# Molecular set representation learning - Molecular property prediction

## Imports

In [None]:
from multiprocessing import cpu_count

import torch

import pandas as pd
import lightning.pytorch as pl

from torch.utils.data import DataLoader

from molsetrep.models import (
    LightningSRRegressor,
    LightningDualSRRegressor,
    LightningSRGNNRegressor,
)
from molsetrep.encoders import SingleSetEncoder, DualSetEncoder, GraphEncoder

## Prepare the data

### Load from file

In [2]:
df_train = pd.read_csv("../data/adme/ADME_MDR1_ER_train.csv")
df_test = pd.read_csv("../data/adme/ADME_MDR1_ER_test.csv")

### Encode the data

#### Single-set (MSR1)

In [3]:
enc_single = SingleSetEncoder()
dataset_train_single = enc_single.encode(df_train["smiles"], df_train["activity"], torch.float32)
dataset_test_single = enc_single.encode(df_test["smiles"], df_test["activity"], torch.float32)

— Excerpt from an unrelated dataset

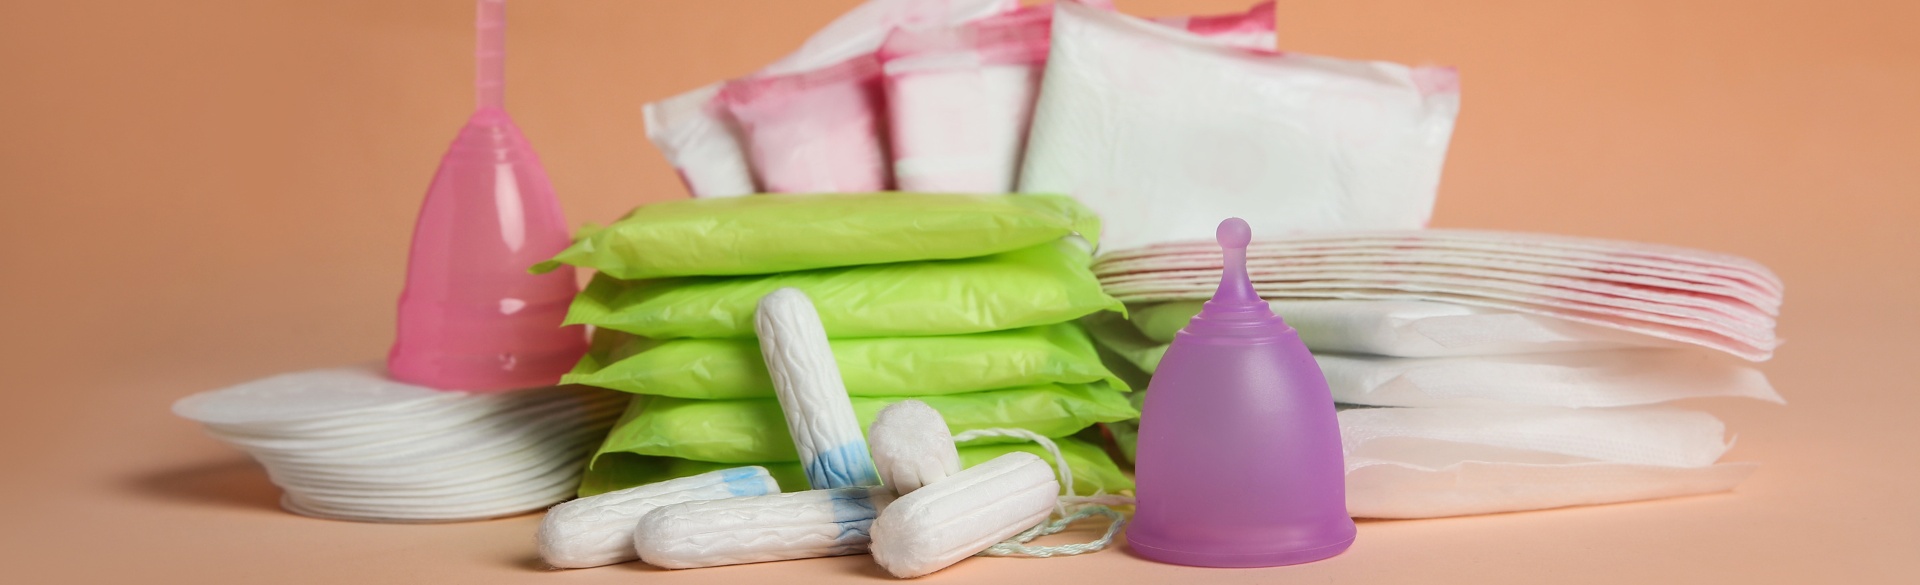 Different types of menstrual products

# Get the dimensions of the encoding
dims_single = [dataset_train_single[0][0].shape[0]]

#### Dual-set (MSR2)

In [4]:
enc_dual = DualSetEncoder()
dataset_train_dual = enc_dual.encode(df_train["smiles"], df_train["activity"], torch.float32)
dataset_test_dual = enc_dual.encode(df_test["smiles"], df_test["activity"], torch.float32)

# Get the dimensions of the encoding
dims_dual = [
    len(dataset_train_dual[0][0][0]),
    len(dataset_train_dual[0][1][0])
]

#### Set-enhanced GNN (SR-GNN)

In [5]:
enc_graph = GraphEncoder()
dataset_train_graph = enc_graph.encode(df_train["smiles"], df_train["activity"], label_dtype=torch.float32)
dataset_test_graph = enc_graph.encode(df_test["smiles"], df_test["activity"], label_dtype=torch.float32)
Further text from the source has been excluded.